In the age of streaming, in which nearly every subculture has its own show, somehow wine has been left behind.

The Wine Show

Considering there is a television show where a washed-up rapper learns carpentry from the Amish (Vanilla Ice Goes Amish), a show about prehistoric extraterrestrial conspiracy theories (Ancient Aliens) and a show where another rapper and his stoned friends watch a show about prehistoric extraterrestrial conspiracy theories (Action Bronson Watches Ancient Aliens), it’s difficult not to take the lack of US wine programming personally. Are we wine drinkers really lower on television executives’ priority list than competitive facial-hair enthusiasts (Whisker Wars)?

The wine shows that have been green-lit can be counted on one hand: Hugh Johnson’s Vintage: A History of Wine, a 13-episode series from 1989; Jancis Robinson’s Wine Course, which first aired on the BBC in 1995; Oz and Jamess Big Wine Adventure, which ran for two seasons in 2006 and 2007 on the BBC; and, most recently, The Wine Show, which was released on Hulu in the United States and Amazon Prime in the UK in 2016, and enters its third season later this year.

Each of these shows is excellent, in its own way. But, notably, each of these shows is British: made by British production companies and starring British talent. For Masterpiece Theatre–loving, Anglophile oenophiles like me, the cast of The Wine Show is a pure delight. The main presenters are Matthew Goode, a quintessential English lad whose recent credits include The Crown and Downton Abbey; Matthew Rhys (aka Mr. Keri Russell), the charming Welshman who starred in The Americans and A Beautiful Day in the Neighborhood; and Joe Fattorini, the resident wine expert. (A rotating cast of guest stars drops in, including actor James Purefoy and critic Jancis Robinson in season two, and actor Dominic West, who is slated to appear in season three.)

The presenters’ chemistry is a huge part of The Wine Show’s appeal: Goode and Rhys are handsome, funny and charmingly self-deprecating when it comes to their lack of wine knowledge. Fattorini is enthusiastic and engaging, though, by his own admission, his taste skews conservative. He has a rather old-fashioned preoccupation with Port and other sweet, fortified wines, and during a travel segment in Georgia, he frequently mentions his “skepticism” of natural wine—which rings reactionary in a region with more than 8,000 years of wine-making history.

The Wine Show

But there’s certainly more to The Wine Show than good-looking, accented men exchanging bons mots. Each episode includes at least one ten-minute travel segment, in regions as far-flung as Argentina and Australia, Greece and Moldova. This commitment to high-budget, global inclusivity is admirable, as is the balanced coverage of Old World and New, but in its quest to explore some of wine’s thornier, more political issues, The Wine Show sometimes bites off more than it can chew.

I cringed watching a segment at BARRA winery in Mendocino County, where the owner, in collaboration with a local sheriff, deals with California’s labor shortage in a “creative way”: hiring incarcerated people to work harvest.
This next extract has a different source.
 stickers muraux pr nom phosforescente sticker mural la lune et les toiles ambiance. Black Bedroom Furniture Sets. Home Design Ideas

The sheriff assures Fattorini and his cohost that the workers are paid a “fair wage,” but there’s no deeper discussion of the systematic way the state of California exploits incarcerated people, often paying them as little as $2 per day to do incredibly dangerous work, such as fighting wildfires.

“We don’t shy away from tricky issues,” says Melanie Jappy, a 26-year television veteran and the series’ showrunner. “I want people to be curious. I want to open a door, and I believe wine can be a conduit for conversation. That said, there’s only so much I can do in a nine-minute segment.” She acknowledges the choice to shoot an episode in the Golan Heights—a region many consider to be occupied territory, whose wines should not be exported—was controversial. “To be honest, we hoped the episode would start a debate and stir up a bit of controversy. We were prepared for more criticism.”
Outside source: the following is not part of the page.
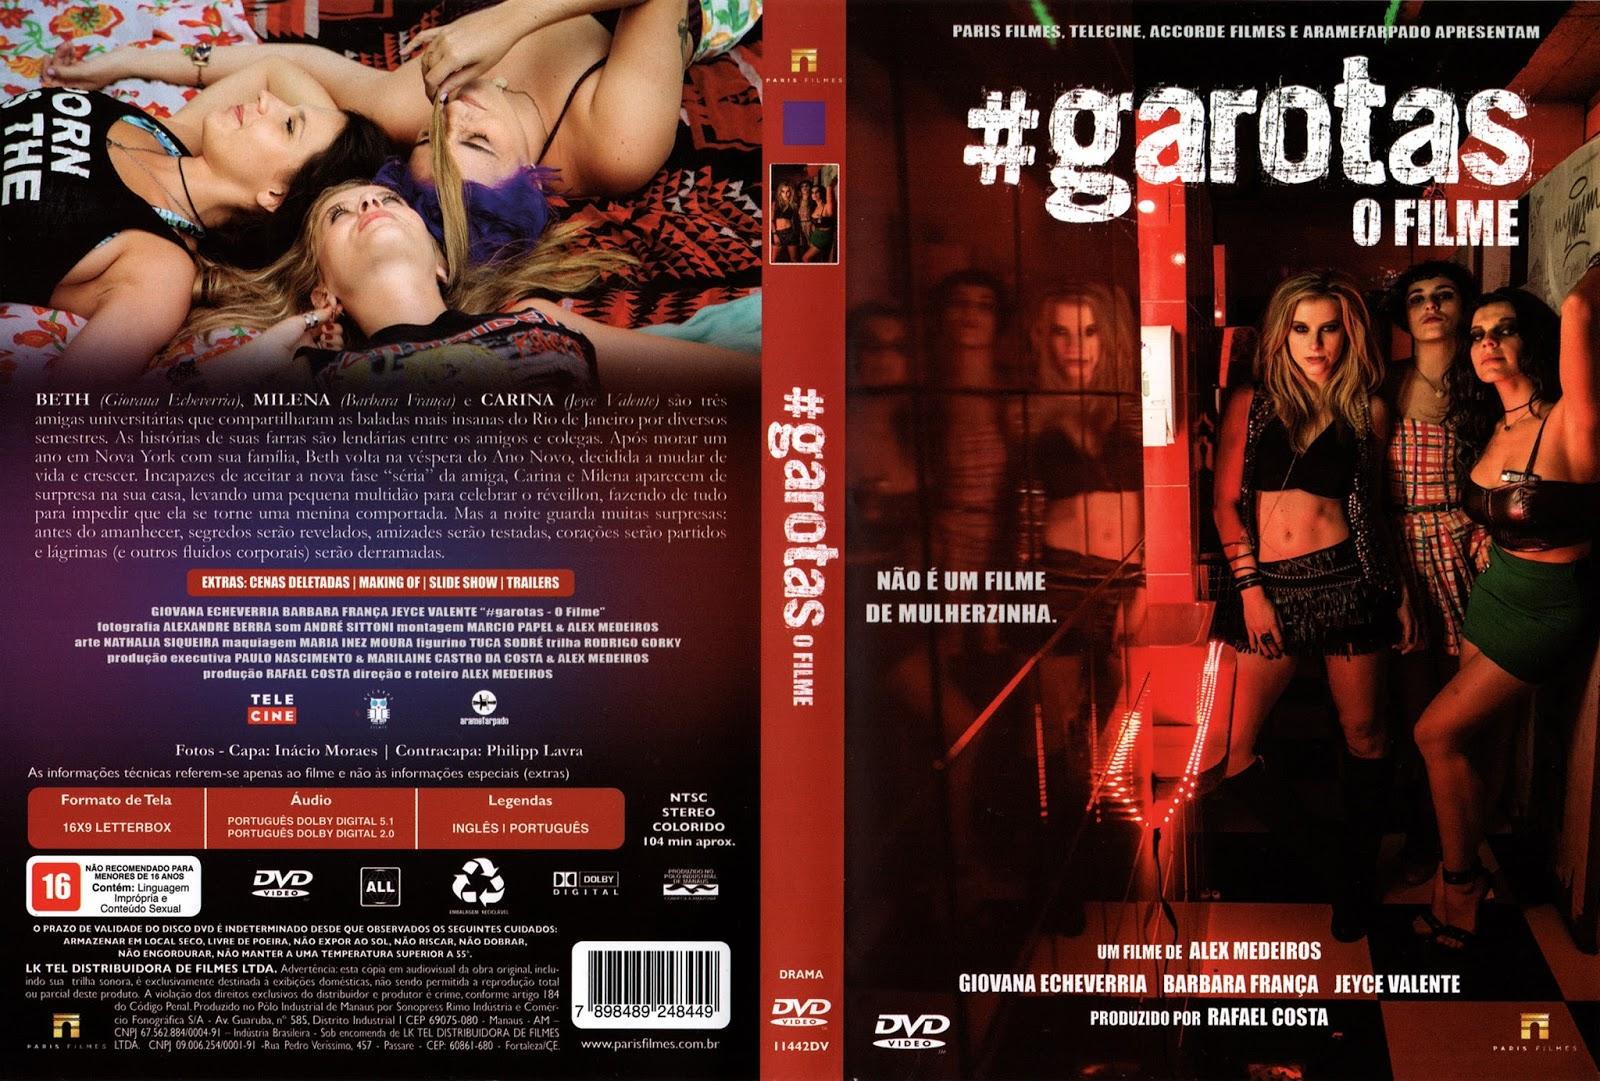 #Garotas O Filme DVDRip XviD Nacional  2523Garotas 2B 25E2 2580 2593 2BO 2BFilme 2B  2BXANDAODOWNLOAD

While the crew was filming in Argentina in 2017, Donald Trump announced his Muslim ban, inspiring the showrunners to re-center the segment on the theme of immigration. Malbec—which hails from the southwest of France but gained an international reputation in Argentina—was painted as an immigration success story, a vinous rallying cry for free movement across borders. Yet the same episode features a rather breathless homage to 19th-century Argentine president Domingo Faustino Sarmiento, calling him a “champion of immigration.” In reality, Sarmiento was a champion of European immigration, and was criticized even by his contemporaries for his oppressive treatment of indigenous populations—a confounding omission for an episode celebrating multiculturalism.

Are we wine drinkers really lower on television executives’ priority list than competitive facial-hair enthusiasts?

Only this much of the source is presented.